L’Angle mort est un film fort singulier. Sur la forme, c’est un long métrage centré sur un homme, Dominick, qui a un superpouvoir, celui de se rendre invisible. Sauf que sur le fond, le récit est avant tout un drame psychologique intimiste, car Dominick garde son secret et hésite à se servir de son invisibilité à outrance. Même sa femme, jouée par Isabelle Carré, n’est au courant de rien. Mais le jour où il rencontre une femme atteinte de cécité et qu’un vieil ami ayant le même pouvoir refait surface dans sa vie, tout se complique!
Ce drame fantastique, signé par deux réalisateurs qui collaborent ensemble depuis 1996. est basé sur une idée de l’auteur Emmanuel Carrère. Les cinéastes Patrick-Mario Bernard et Pierre Trividic ont bien voulu nous donner des détails sur leur tout nouveau long métrage intitulé L’Angle mort.
Le Clap : Ce projet de film a commencé voilà plus de dix ans. Ça a été long avant de concrétiser la production, non?
Patrick-Mario Bernard et Pierre Trividic : Oui, ça peut paraître long, mais ça s’explique par la recherche du financement et le long processus d’écriture, car nous n’étions pas toujours satisfaits du résultat. En même temps, tous les deux, nous avons travaillé sur plusieurs autres projets qui nous tenaient aussi à cœur.

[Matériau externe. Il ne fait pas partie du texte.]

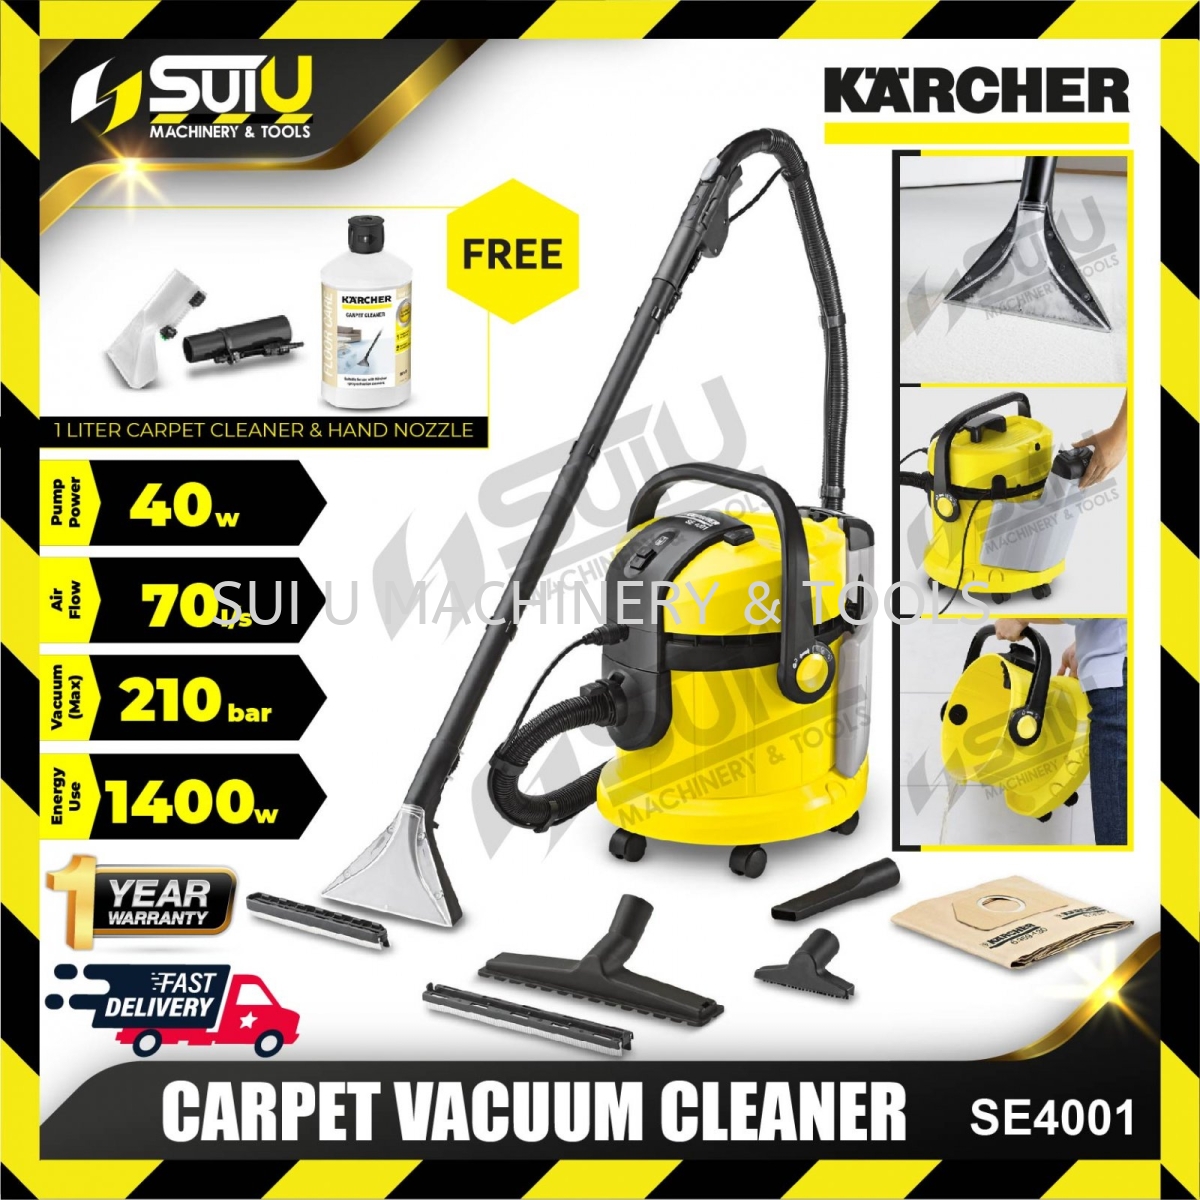 KARCHER SE4001 4L Carpet & Upholstery Vacuum Cleaner 1400W FOC

Le Clap : Votre film touche à l’univers des superhéros sans en être un véritablement, un peu comme le long métrage fantastique Vincent n’a pas d’écailles. Est-ce difficile de vendre un concept comme le vôtre, sachant qu’il ne correspond pas aux critères très américains du personnage aux superpouvoirs en mission?
PMB et PT : Forcément, car notre idée n’était pas de faire un film spectaculaire mais bien de créer une œuvre très européenne qui respecterait les spectateurs, sans les mépriser, sans les duper. Aujourd’hui, Hollywood nous vend la rentabilité d’un don pour sauver l’univers. Nous, on va à contresens. Est-ce que la force est une vertu? Est-ce qu’un superpouvoir a une valeur marchande? Dominick, notre personnage principal, ne tente pas de rentabiliser son don. On est complètement ailleurs.
Le Clap : Hormis Isaac de Bankolé et Omar Sy, peu d’acteurs noirs trouvent leurs places dans le cinéma français. D’où vient Jean-Christophe Folly qui incarne Dominick?
PMB et PT : Pour nous, le personnage a toujours été noir, et ce, dès le départ dans le scénario. Et on nous demandait constamment à sa lecture pourquoi il est noir? On répondait parce que ses parents sont noirs. Les acteurs de couleur jouent souvent des rôles stéréotypés. Nous, on voulait aller à l’encontre de tout ça. Avec les Maghrébins, le travail est fait, on ne les regarde plus comme des acteurs issus de l’immigration. Jean-Christophe, on le voulait comme acteur, mais en le choisissant, même si on respectait le scénario, inévitablement, on faisait un choix un peu politique. Notre film porte sur le temps qui passe, les choses qui s’en vont. C’est ça qu’on voulait aborder, mais avec un petit côté ludique, soit un pouvoir fantastique. Que le personnage soit noir, ce n’est qu’une caractéristique parmi d’autres.
Le Clap : Le résultat est tout à fait singulier en tout cas.
PMB et PT : Oui, et pourtant notre film est construit de façon très simple. Un peu à la manière d’une partition musicale, si votre oreille est fine, vous allez entendre les différents instruments qui vous amènent sur différentes pistes. Nos personnages, par exemple, sont très différents les uns des autres par leurs caractères, le milieu d’où ils viennent. De les rassembler, ça crée évidemment un arc narratif. L’originalité de notre récit, face aux conventions, c’est de raconter la fin du superpouvoir du héros, son crépuscule. La ligne de conflit, elle est dans le combat intérieur qui mine Dominick. Cette approche nous paraît essentielle afin d’offrir un film original qui saura étonner les cinéphiles.
L’Angle mort prendra l’affiche en salle au Clap le 21 août. Cette entrevue a été réalisée sur invitation, dans le cadre de la 22e édition des Rendez-vous du cinéma d’UniFrance 2020, à Paris.